* YOUR GOAL *
Beneath this line are entries. Copy the range from the line with "44 William Street, Yeppoon QLD 4703, Image 1" to the line with "novartis international ag Novartis", ends included, exactly; leave pictures out.
(INFORMATION SUPPLIED begins)
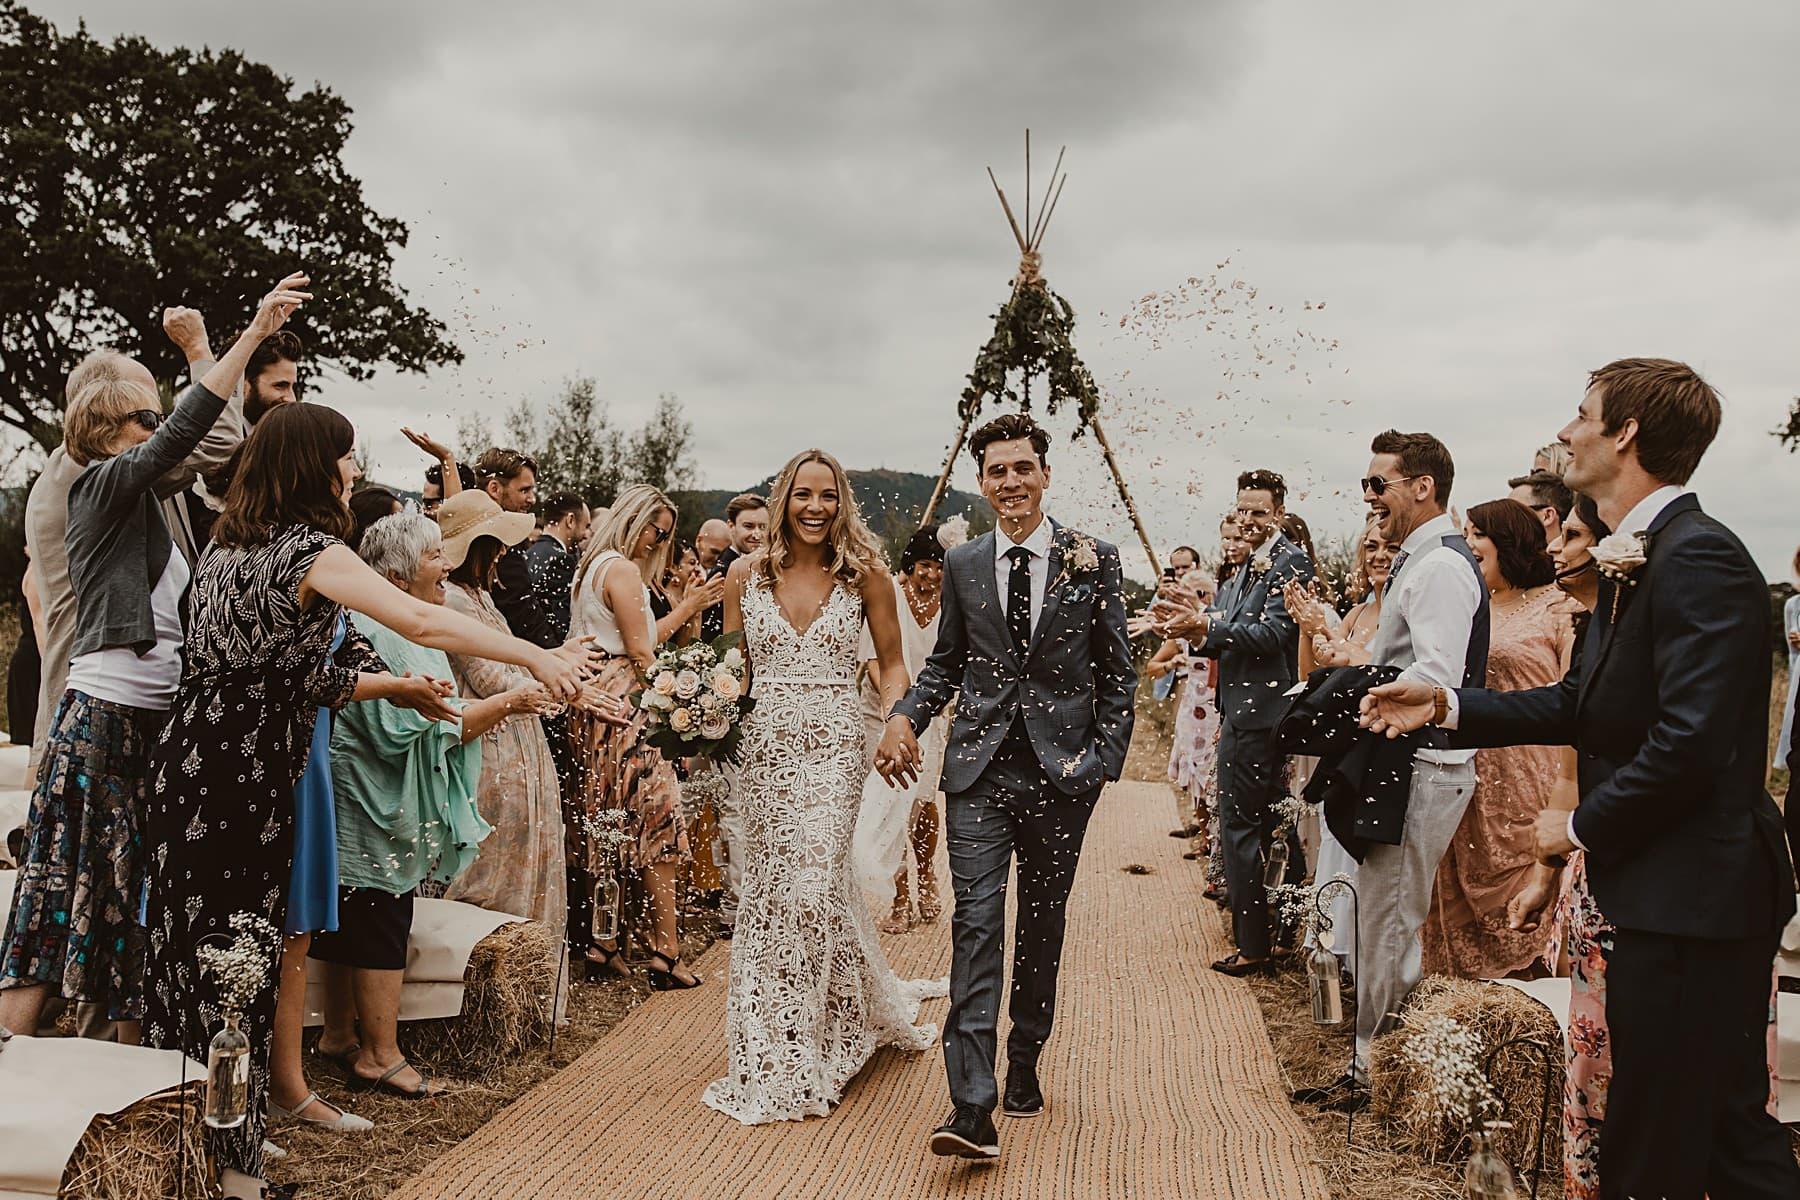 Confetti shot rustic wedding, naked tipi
(INFORMATION SUPPLIED ends)
(INFORMATION SUPPLIED begins)
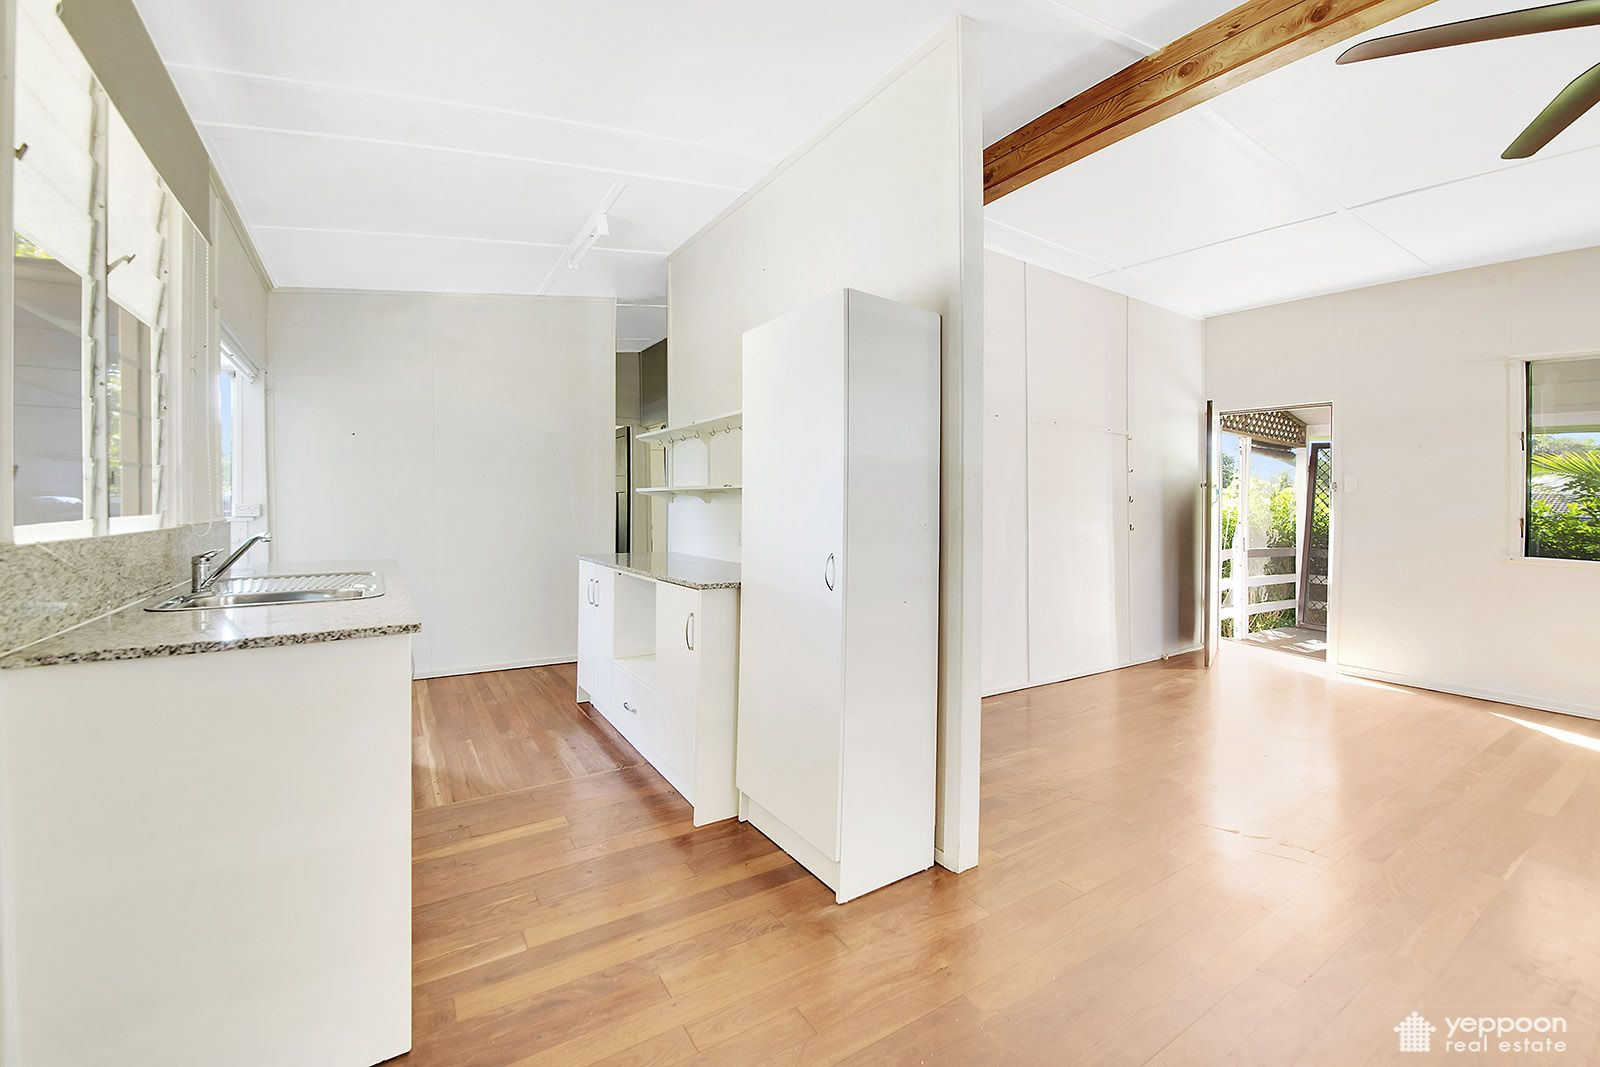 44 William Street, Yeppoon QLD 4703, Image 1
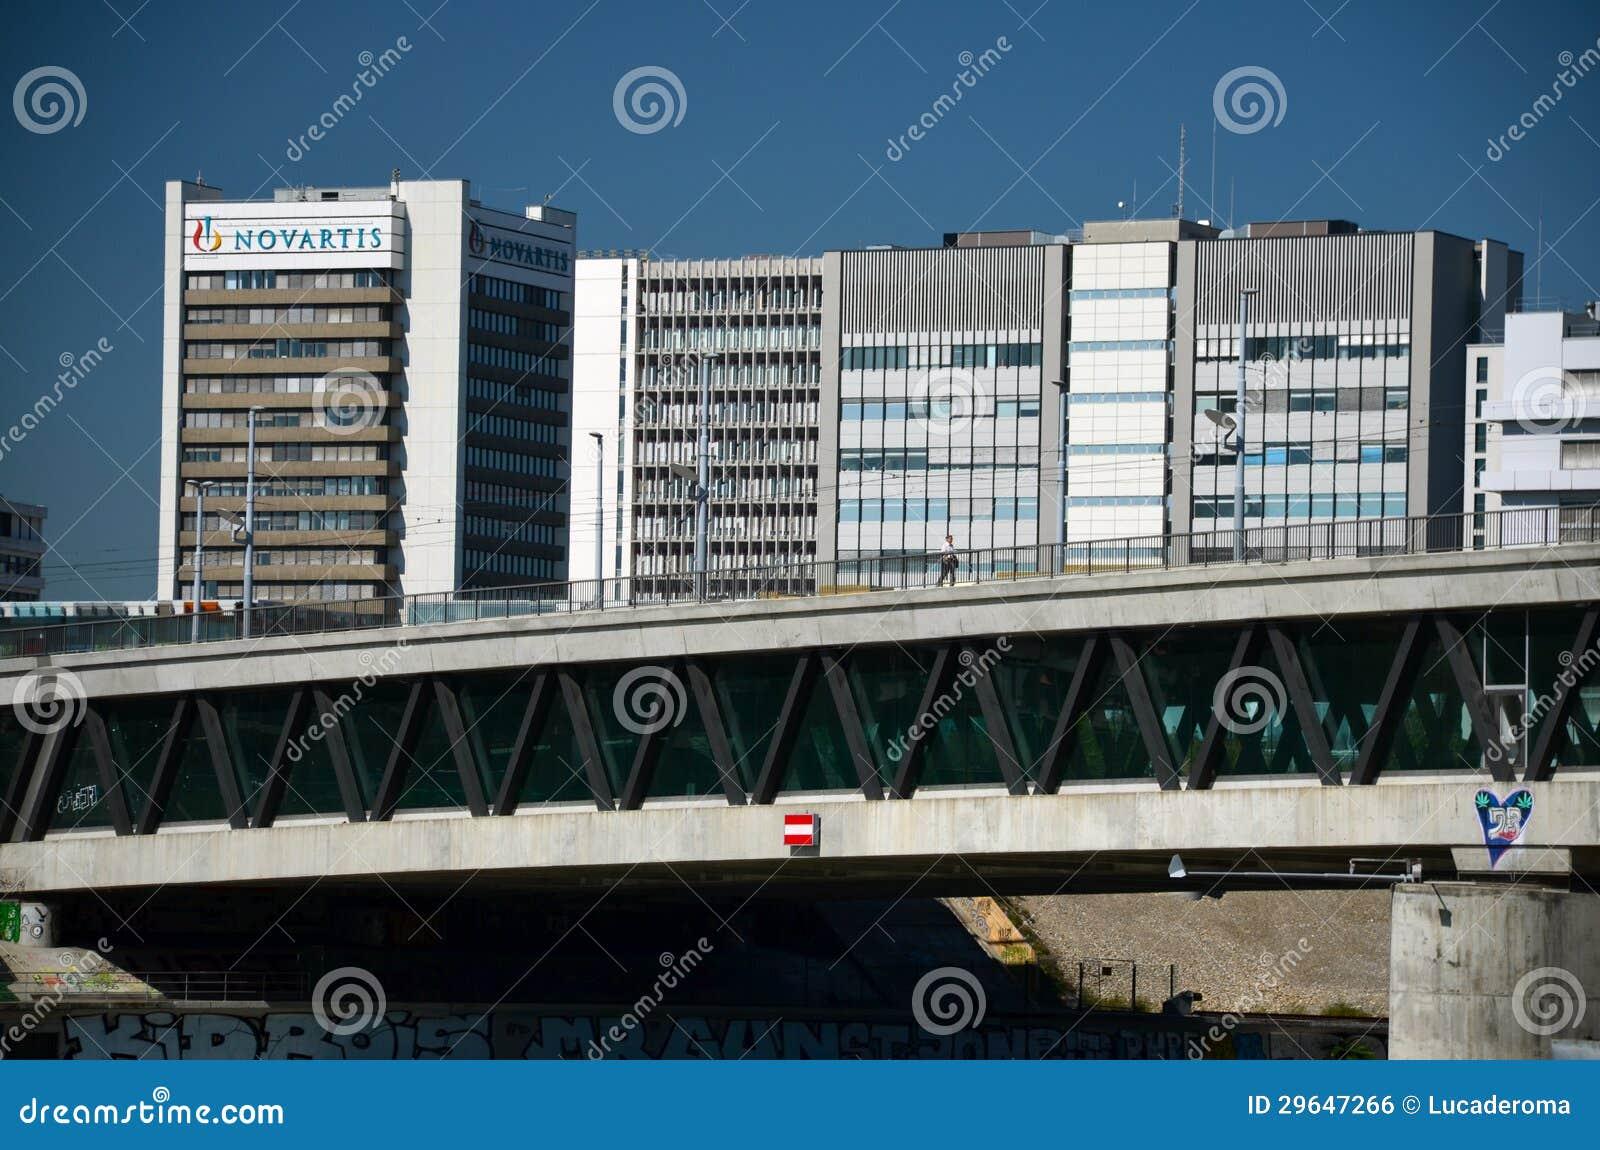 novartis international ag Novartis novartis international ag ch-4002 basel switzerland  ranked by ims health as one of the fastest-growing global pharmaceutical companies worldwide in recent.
(INFORMATION SUPPLIED ends)
* RESPONSE TO THIS EXERCISE *
 44 William Street, Yeppoon QLD 4703, Image 1
 novartis international ag Novartis novartis international ag ch-4002 basel switzerland  ranked by ims health as one of the fastest-growing global pharmaceutical companies worldwide in recent.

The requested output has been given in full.